Cal11 calculator

How to Calculate Moneyness of An Option

Reviewed by Calculator Editorial Team

Moneyness is a key concept in options trading that measures how far the underlying asset's price is from the option's strike price. Understanding moneyness helps traders assess the potential value of an option and make informed decisions. This guide explains how to calculate moneyness, its different types, and provides practical examples.

What is Moneyness?

Moneyness refers to the relationship between the current price of the underlying asset and the strike price of an option. It's a crucial metric for options traders as it indicates whether an option is likely to be profitable or not.

In simple terms, moneyness tells you whether an option is:

  • In the money (ITM) - The option has intrinsic value
  • At the money (ATM) - The option is close to being in the money
  • Out of the money (OTM) - The option has little or no intrinsic value

Moneyness is different from premium, which refers to the price paid for the option contract itself.

How to Calculate Moneyness

The basic formula to calculate moneyness is:

Moneyness = (Current Price - Strike Price) / Strike Price

Where:

  • Current Price = The current market price of the underlying asset
  • Strike Price = The price at which the option can be exercised

The result is typically expressed as a percentage or decimal. Here's how to interpret the results:

  • Positive value: The option is in the money (ITM)
  • Zero: The option is at the money (ATM)
  • Negative value: The option is out of the money (OTM)

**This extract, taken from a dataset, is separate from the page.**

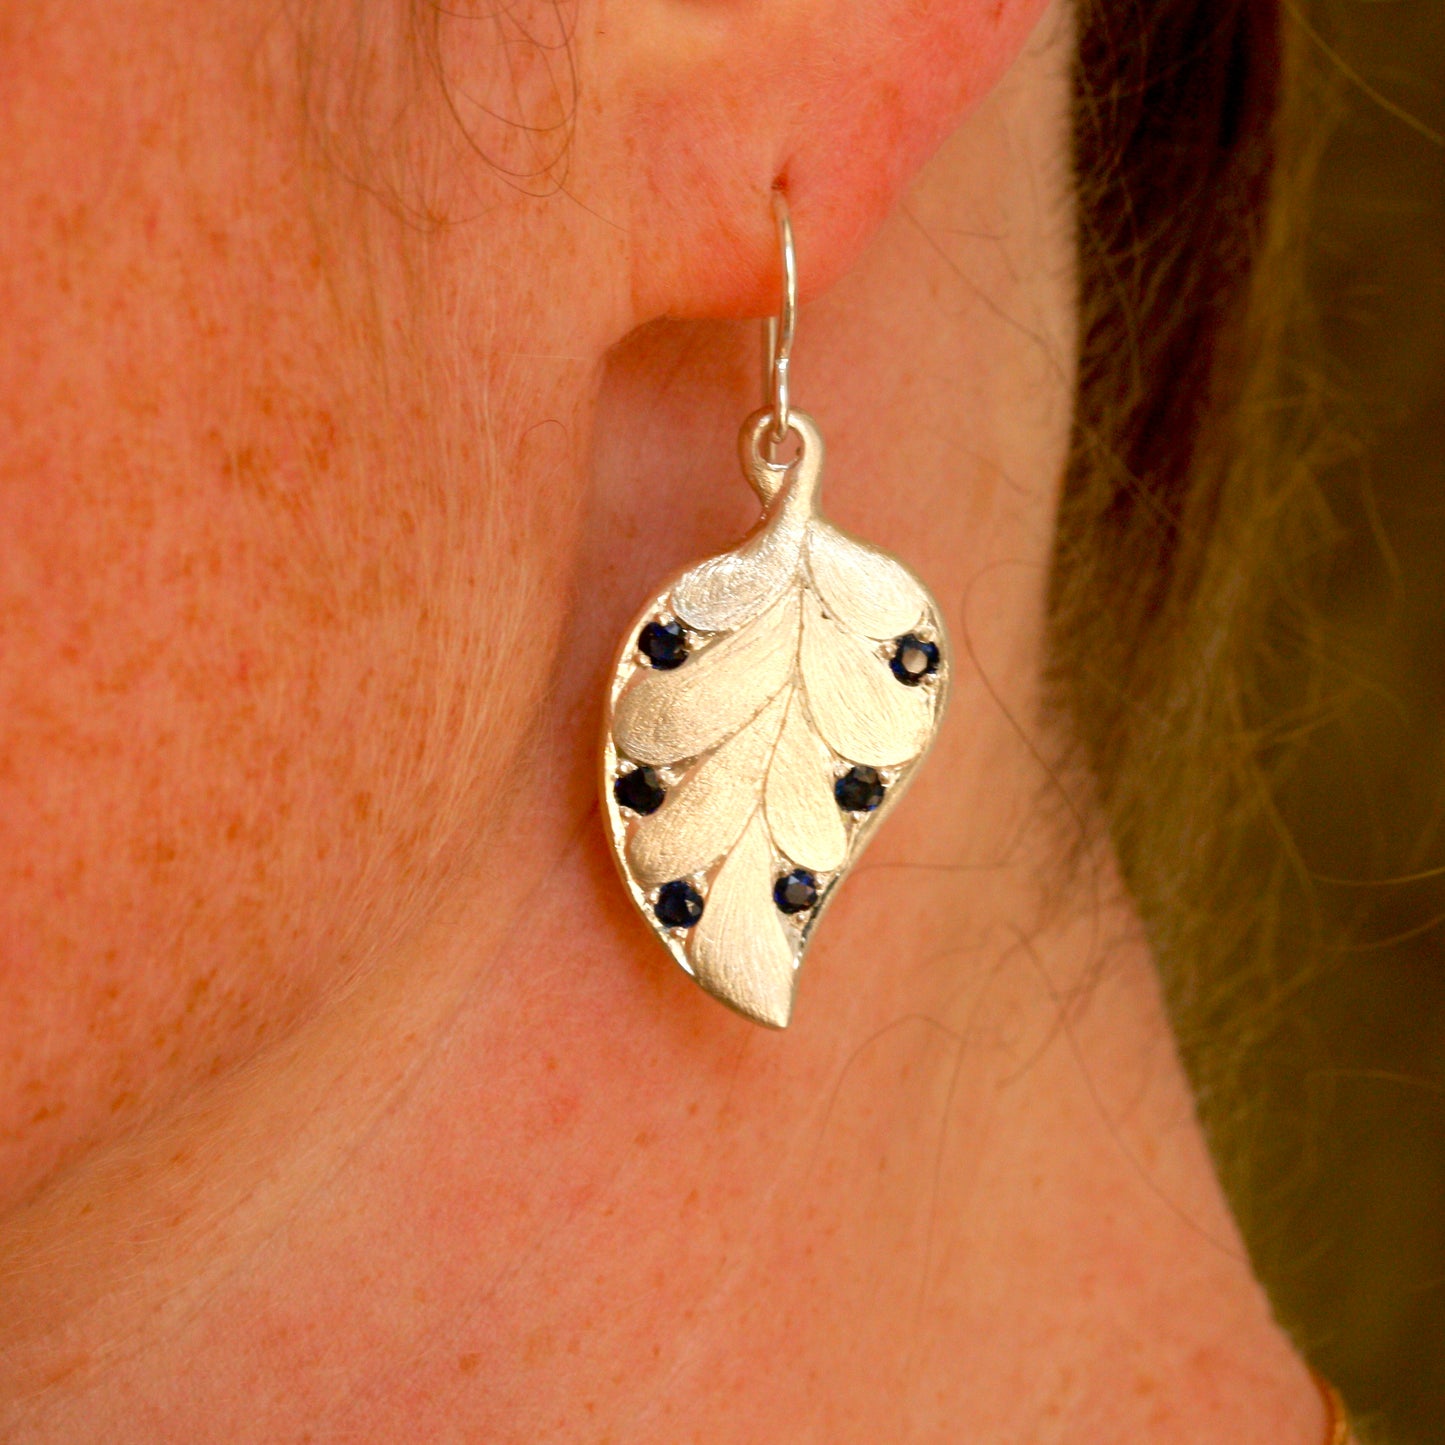 Art nouveau leaf earrings with sapphires

For call options, a positive moneyness indicates the option is ITM. For put options, a negative moneyness indicates the option is ITM.

Types of Moneyness

There are three main types of moneyness:

In the Money (ITM)

An option is ITM when its intrinsic value is positive. For call options, this means the current price is above the strike price. For put options, it means the current price is below the strike price.

At the Money (ATM)

An option is ATM when the current price is very close to the strike price. ATM options typically have higher premiums and are more volatile.

Out of the Money (OTM)

An option is OTM when its intrinsic value is zero or negative. For call options, this means the current price is below the strike price. For put options, it means the current price is above the strike price.

The exact definition of "close" for ATM options can vary, but typically it's within about 5% of the strike price.

Example Calculation

Let's calculate the moneyness of a call option with the following details:

  • Current stock price: $50
  • Strike price: $45

Using the formula:

Moneyness = (50 - 45) / 45 = 0.111 or 11.1%

Since the result is positive, this call option is in the money (ITM).

For a put option with the same current price and strike price:

Moneyness = (50 - 45) / 45 = 0.111 or 11.1%

For put options, a positive moneyness indicates the option is out of the money (OTM). This is because put options benefit from the underlying asset's price being below the strike price.

FAQ

What is the difference between moneyness and premium?

Moneyness measures the relationship between the current price and the strike price, indicating whether an option has intrinsic value. Premium refers to the price paid for the option contract itself, which includes both intrinsic and extrinsic value.

How does moneyness affect option pricing?

Options that are in the money typically have higher premiums because they have intrinsic value. ATM options often have the highest premiums due to their higher volatility. OTM options generally have lower premiums as they have little or no intrinsic value.

Can moneyness change over time?

Yes, moneyness can change as the price of the underlying asset fluctuates. Traders often monitor moneyness to identify potential entry or exit points for their options positions.

Is moneyness the same for call and put options?

No, moneyness is calculated the same way for both call and put options, but its interpretation differs. For call options, a positive moneyness indicates ITM, while for put options, a negative moneyness indicates ITM.

How can I use moneyness in my trading strategy?

Understanding moneyness helps you identify potentially profitable options. You might buy ITM options expecting them to increase in value, sell ATM options expecting them to move, or buy OTM options expecting them to become ITM. Always combine moneyness analysis with other factors like volatility and time decay.